A dinâmica de “dissolução social” e passagem da “gestão negociada das contradições” – que constitui a própria democracia – para a “gestão operada pela violência”, também se faz cada vez mais visível no Brasil em vários indicadores: o aumento da violência social e da violência policial, com o extermínio de jovens, principalmente negros; o encarceramento em massa; o crescimento da segurança privada, dos grupos de extermínio, do crime organizado e das milícias e sua penetração no aparato estatal e na política. Como escreve Marildo Menegat, em A crítica do capitalismo em tempos de catástrofe (2019): “Como essa unidade [da sociedade] foi implodida pela crise, seu lugar vai sendo ocupado por relações sociais sustentadas no uso direto da violência, que procura ainda manter conectado o que ainda funciona da reprodução social da velha ordem agônica.”

Se caracterizamos o neoliberalismo como o preâmbulo do processo de dissolução social – cada vez mais visível em todas as esferas da sociedade –, podemos dizer que, ao entregar a direção do seu campo para a extrema direita, a própria direita busca produzir o seu epílogo.

 

Por fim, precisamos incluir nessa análise a crise climática, que tende a operar como um importante fator de acentuação dos conflitos sociais e geopolíticos. O ponto de degradação ambiental a que chegamos evidencia o antagonismo existente entre o capitalismo contemporâneo e a preservação da natureza.
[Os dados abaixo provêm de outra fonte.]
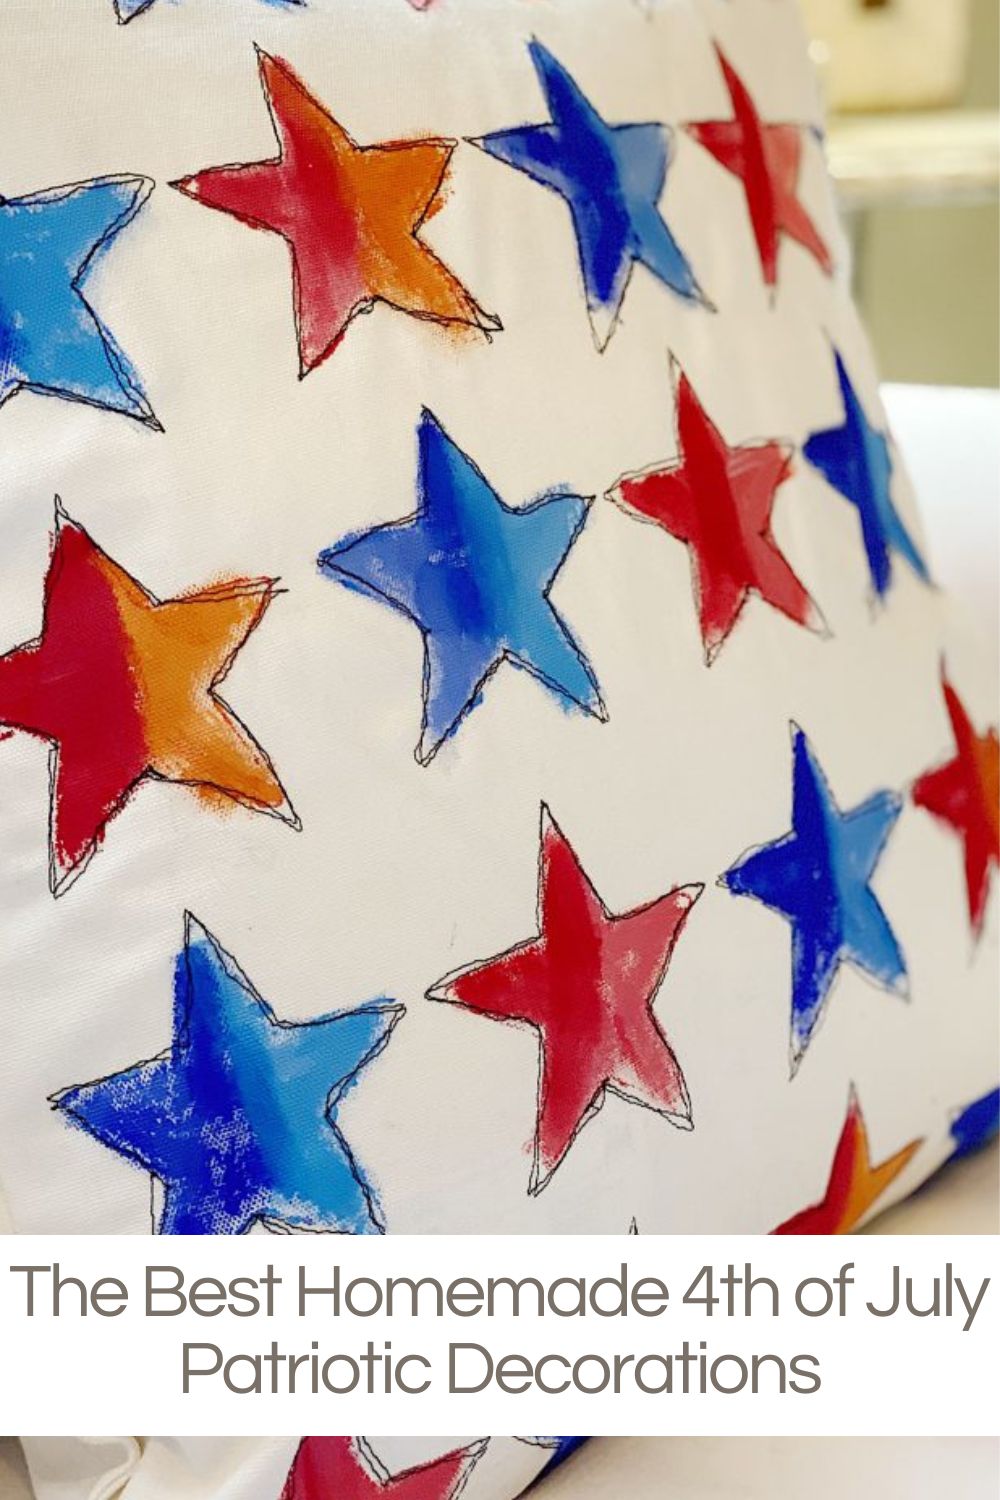 I love the 4th of July, and I wanted more patriotic decorations for our home. So I made this pillow with stars and machine embroidery!
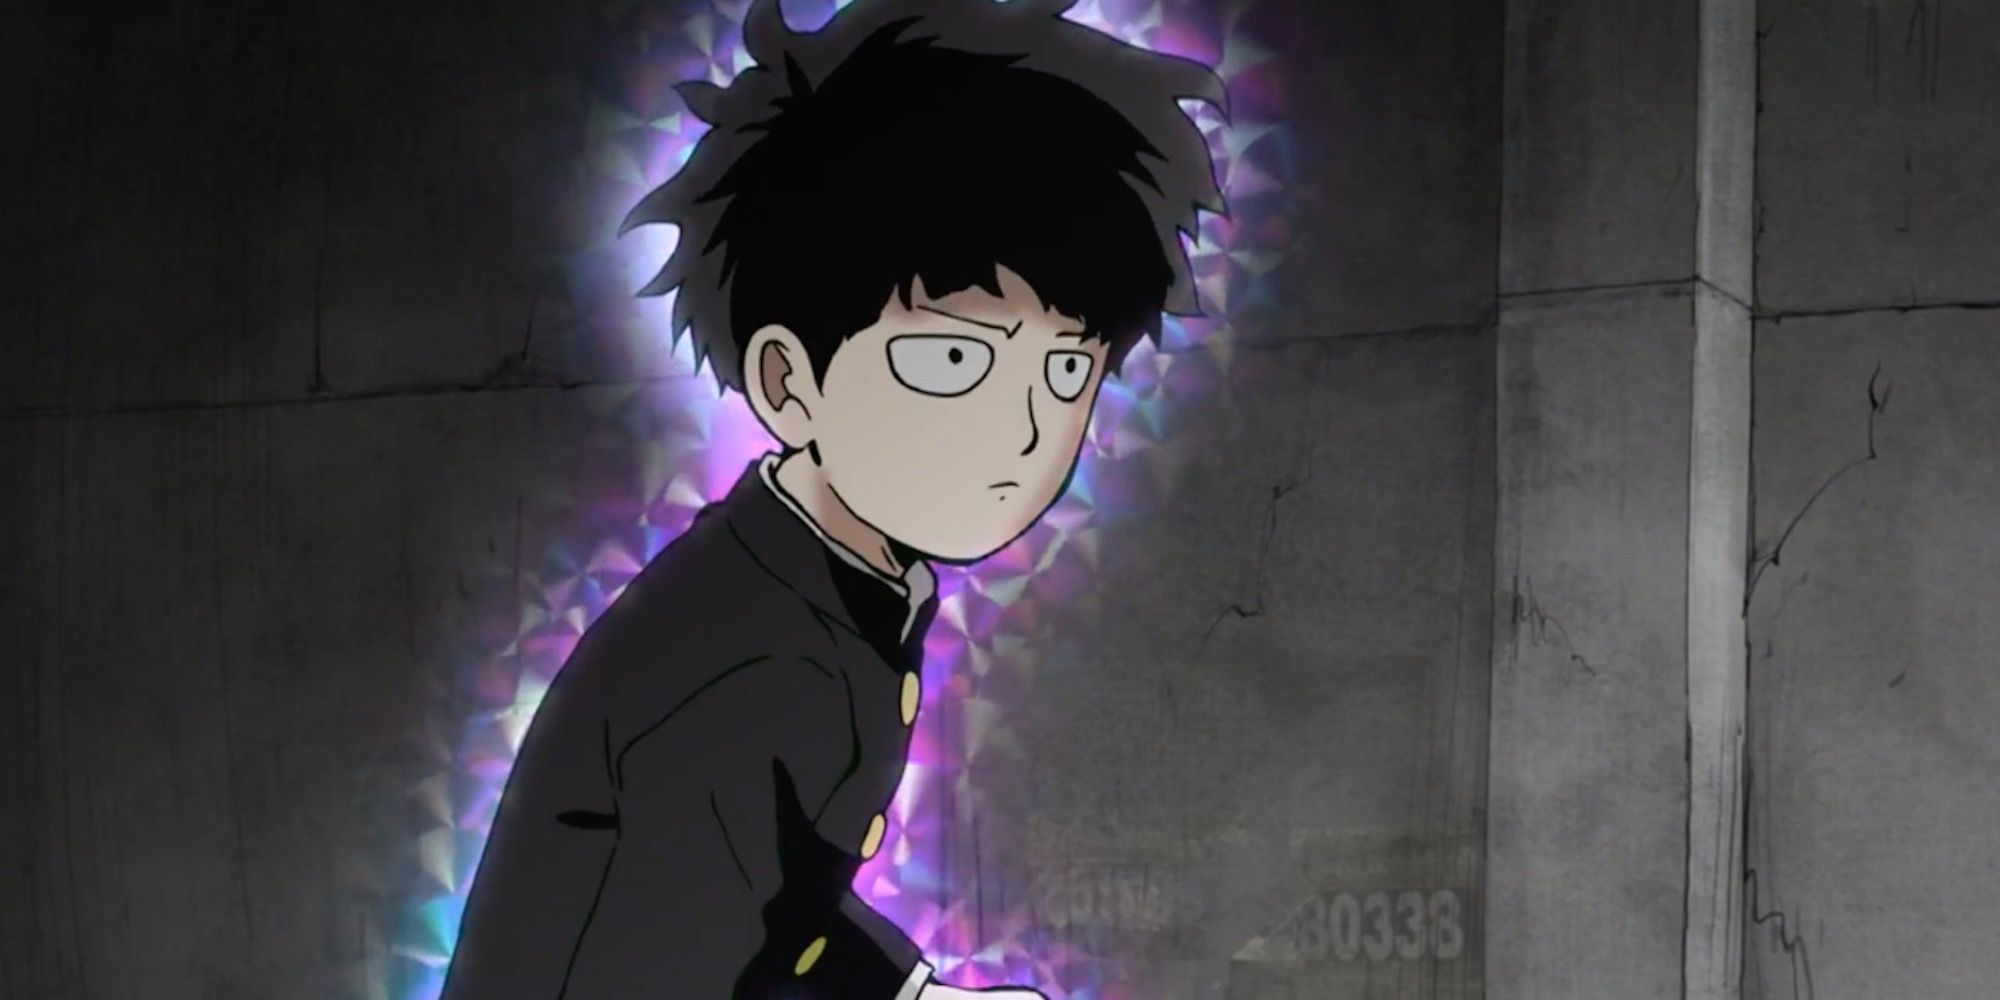 Mob in Mob Psycho 100

Esse antagonismo pode ser compreendido pela análise de duas determinações estruturais do funcionamento do capitalismo. A primeira é a exigência inescapável do capital de buscar a permanente valorização, para manter a sua condição de capital. A segunda é que, para se valorizar, ele precisa necessariamente passar pela forma de mercadoria, o que tem por consequência a produção constante e o consumo desenfreado de recursos. A combinação dessas duas determinações faz do capitalismo um sistema de acumulação infinita, que precisa devorar cada vez mais recursos para produzir mercadorias, o que o torna incompatível com os limites naturais do planeta.

A corrida pelo crescimento econômico constante e ilimitado, mais do que um fetiche dos governos e das empresas, é o próprio modo de ser desse sistema. Por isso, Déborah Danowski e Eduardo Viveiros de Castro, em Há mundo por vir? – Ensaio sobre os medos e os fins (2014), afirmam, que “não há composição possível com a lógica absolutamente não civilizável do capitalismo”.

É sabido que, em vários momentos da história, setores progressistas e de esquerda prognosticaram a crise terminal do capitalismo. No entanto, é preciso reconhecer que a crise atual está constituída por elementos que têm uma qualidade e uma dimensão inusitada – seja do ponto de vista ambiental, seja do funcionamento sistêmico – que evidenciam que, de fato, já entramos em um novo período histórico. Um período histórico que se caracteriza por uma inaudita aceleração da barbárie, com o colapso das formas de regulação social construídas pela democracia.

Esse é o tamanho do desafio: estamos diante de um sistema de produção que chegou ao seu limite. Sendo assim, a tendência dele é cada vez mais produzir barbárie – social e ambiental. Esse desafio se apresenta ainda maior quando vemos, na discussão acadêmica e na imprensa, que é considerado mais plausível discutir o colapso climático do planeta ou a possibilidade de uma guerra – que podem significar uma regressão à barbárie para a espécie humana – do que a superação do capitalismo.